Various SAK-based multifunctional recombinant proteins were constructed and expressed in different expression system in earlier studies to reduce the reocclusion and bleeding complications. Fusion proteins SAK-RGD-K2-Hir and SAK-RGD-K2-Hirul were constructed and produced in different eukaryotic expression host, Schizosaccharomyces pombe [17] and Pichia pastoris [18], respectively. Furthermore, a SAK variant (SAK-HV) with 12 amino acids thrombin-binding domain from hirudin was also constructed and expressed in E. coli BL21 (DE3) [19]. Two SAK variants, THR-100 and THR-174, are being developed at ThromboGenics NV [20] for the treatment of myocardial infarction for which phase III clinical trials are being conducted in India and Middle East, Africa, and other countries, respectively. The preclinical studies of these new SAK variants suggest that the novel osmotically produced multifunctional SRH protein developed in our study could be the potential candidate for such development and available in an affordable price with minimum secondary complications.

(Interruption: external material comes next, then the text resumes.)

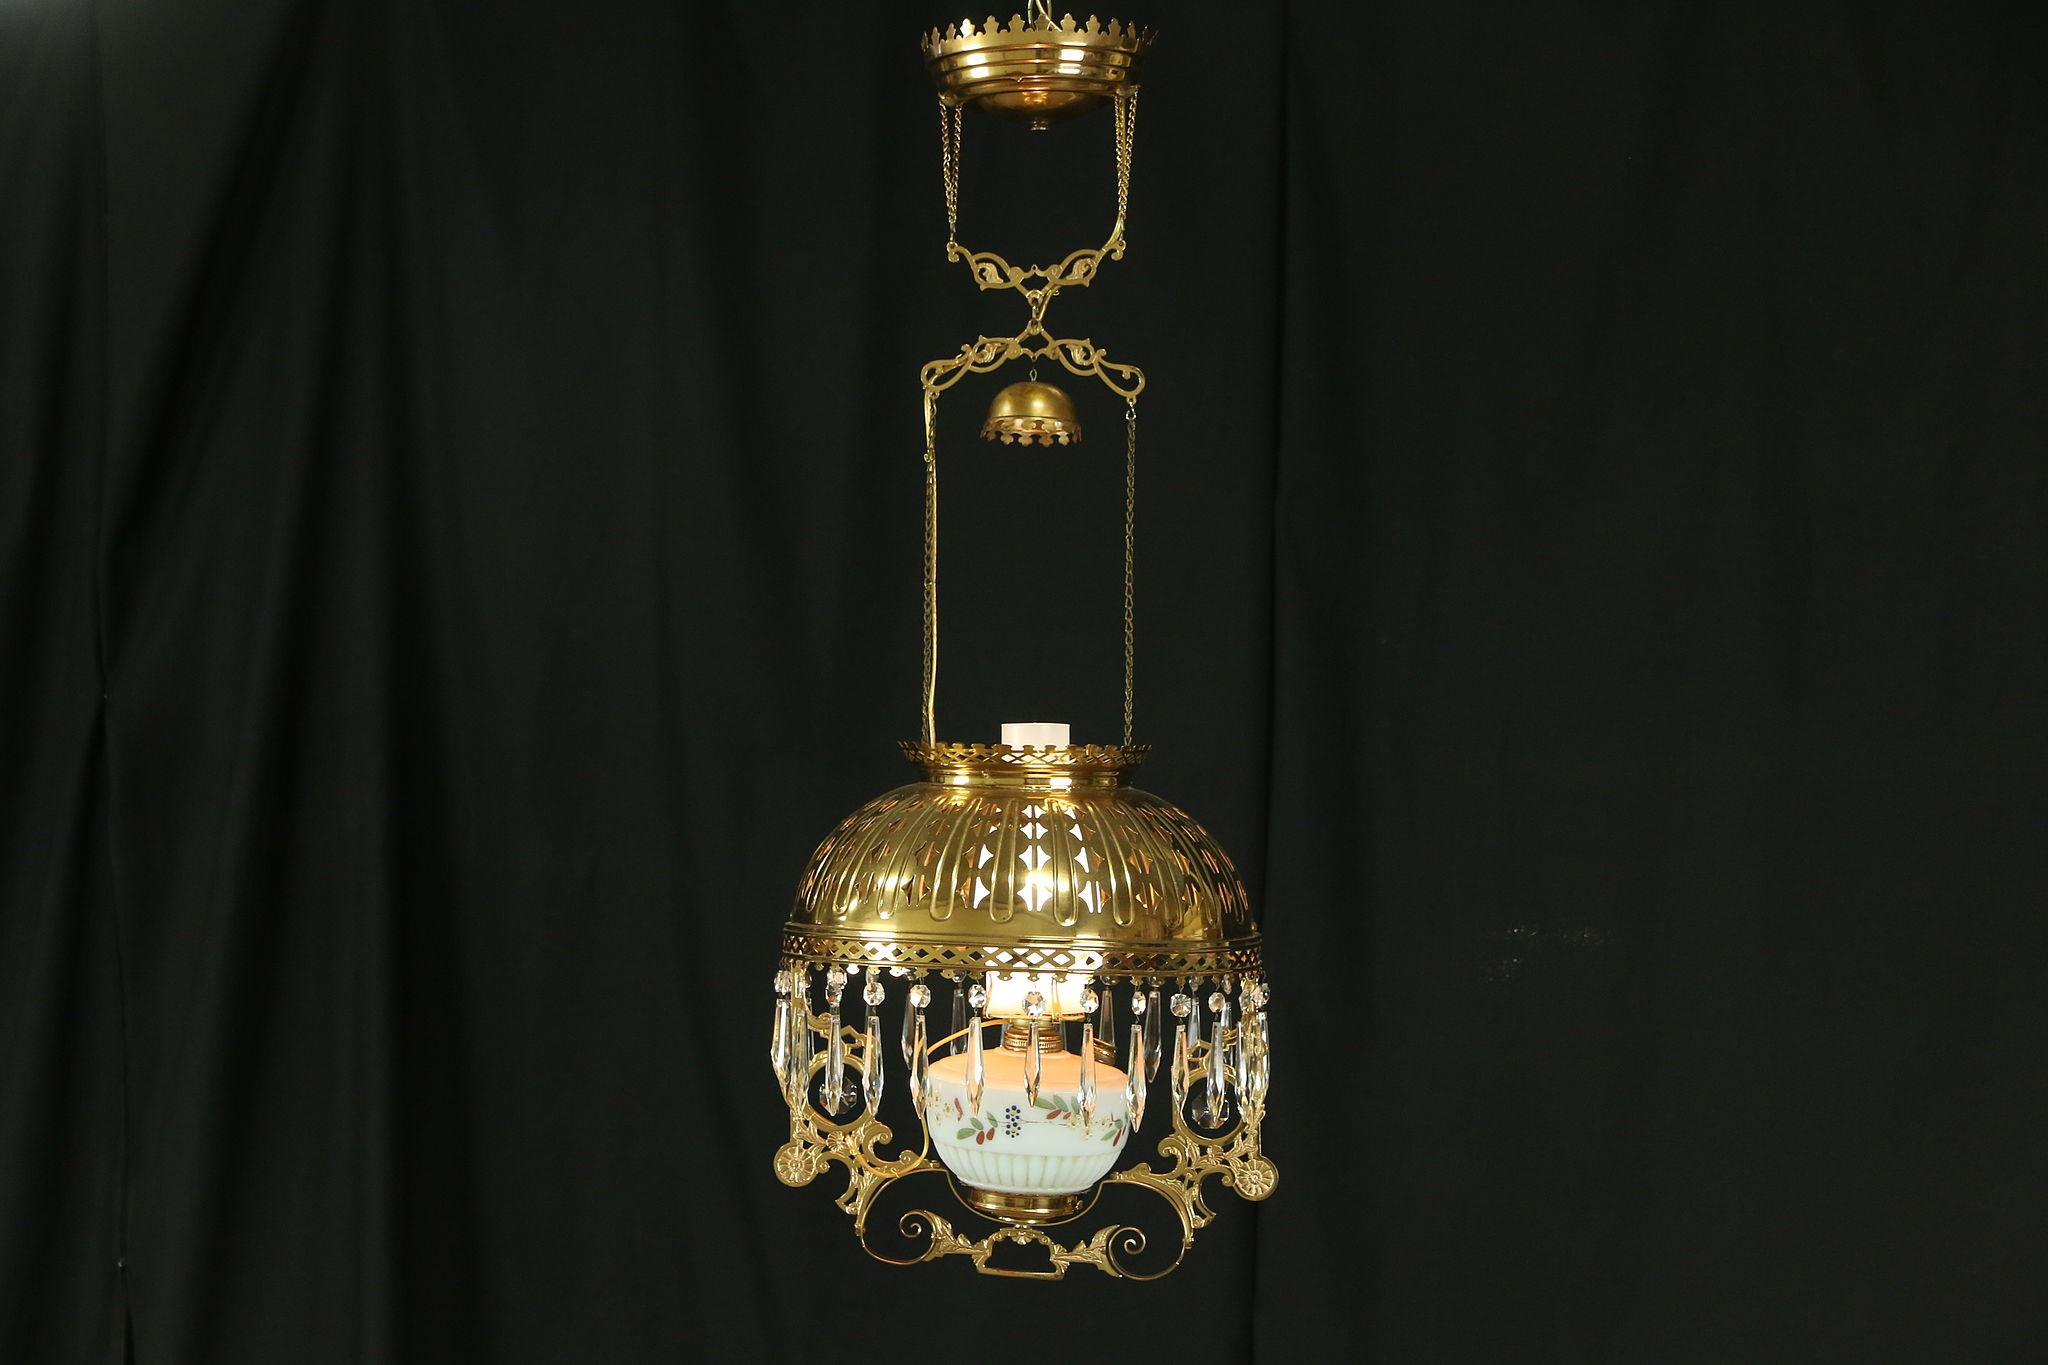 SOLD - Victorian 1880 Antique Hanging Lamp Brass Shade Light Fixture ...
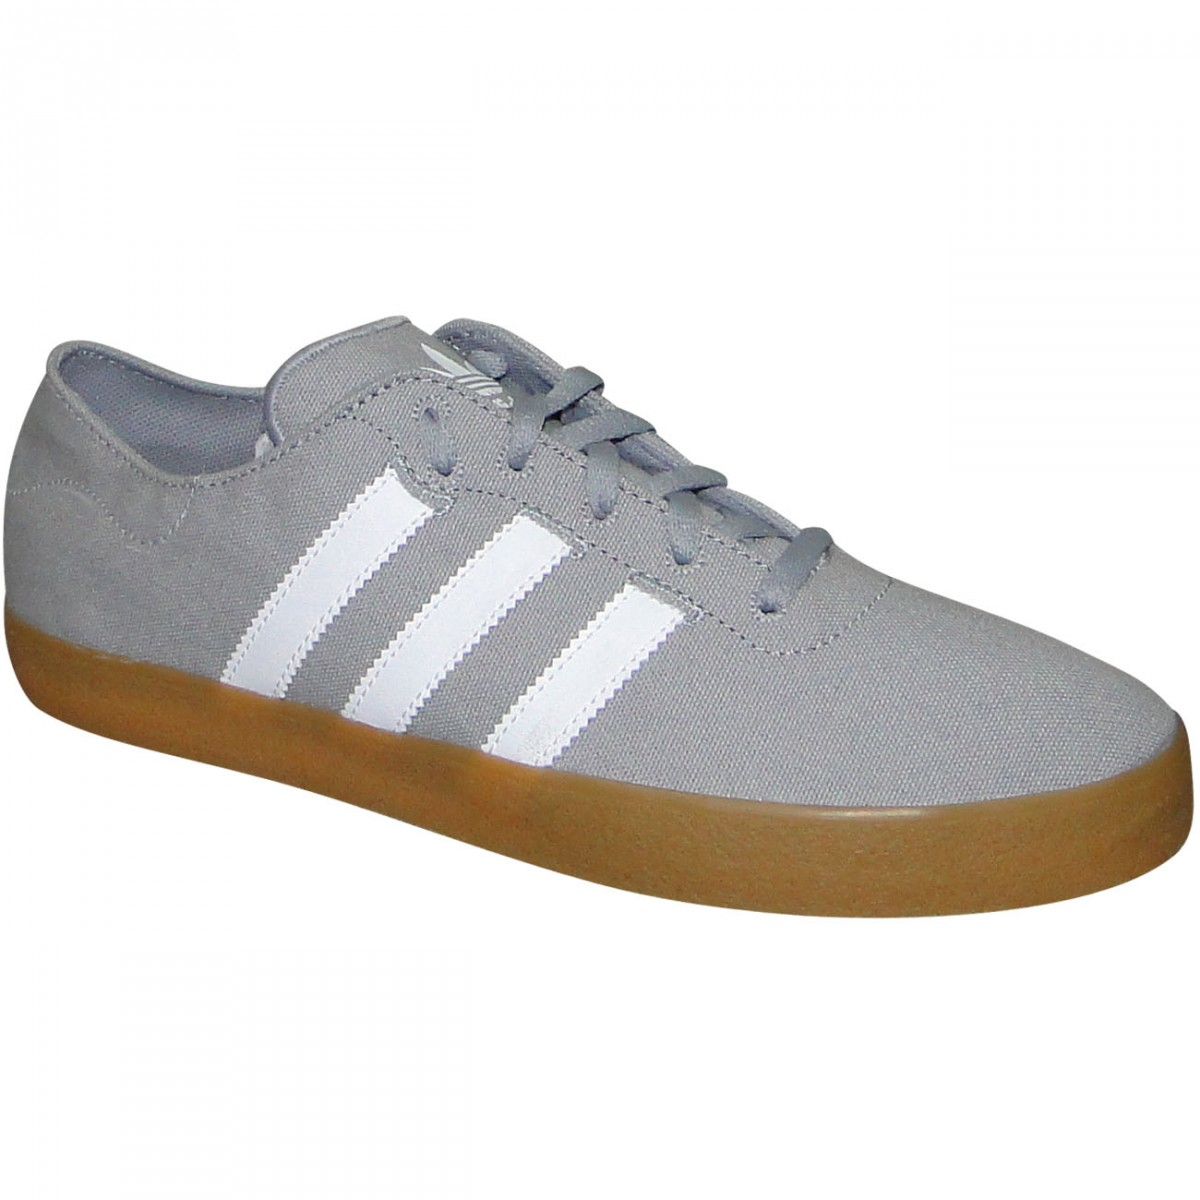 Tenis Adidas Adi Ease Surf G98113 - Cinza Branco - Chuteira Nike ... b70064f9c02b2

The present study was aimed to construct and express the multifunctional staphylokinase variant SRH in the osmotically inducible E. coli GJ1158. The biological activity of the fusion protein for its antiplatelet activity and antithrombin activity was further analyzed and compared with that of r-SAK in vitro.

2. Materials and Methods

2.1. Reagents

All the chemicals used in the reagents, buffers, and the preparation of media were of analytical grade and were purchased from Himedia (Mumbai, India). The restriction enzymes and the rapid ligation kit were obtained from Promega (Madison, USA) and Fermentas, Thermo Fisher Scientific Inc., Waltham, USA, respectively. PCR master mix was supplied by New England Biolabs (Schwalbach, Germany). Primers were synthesized by Sigma-Aldrich (St. Louis, MO, USA). The human plasminogen, human plasmin, human fibrinogen, fibrin, and human thrombin were also supplied by Sigma-Aldrich. The synthetic chromogenic substrates, Spectrozyme TH, and Spectrozyme PL were supplied by American Diagnostic Inc., USA. Streptokinase was purchased from Cadila Pharmaceuticals, India. Adenosine diphosphate (ADP) for the platelet aggregation assay was supplied by Chronolog Corp. (Havertown, USA). The plasmid purification kit, PCR clean up kit, DNA gel extraction kit, and Ni-NTA column were purchased from Qiagen (Hilden, Germany). E. coli DH5α (MTCC 1652) obtained from IMTECH Chandigarh was used as maintenance host for the propagation of plasmid while E. coli GJ1158 (Bangalore Genei, Bangalore, India) was used as expression host. Plasmid cloning vector pRSET-A was procured from Invitrogen, Carlsbad, CA, USA.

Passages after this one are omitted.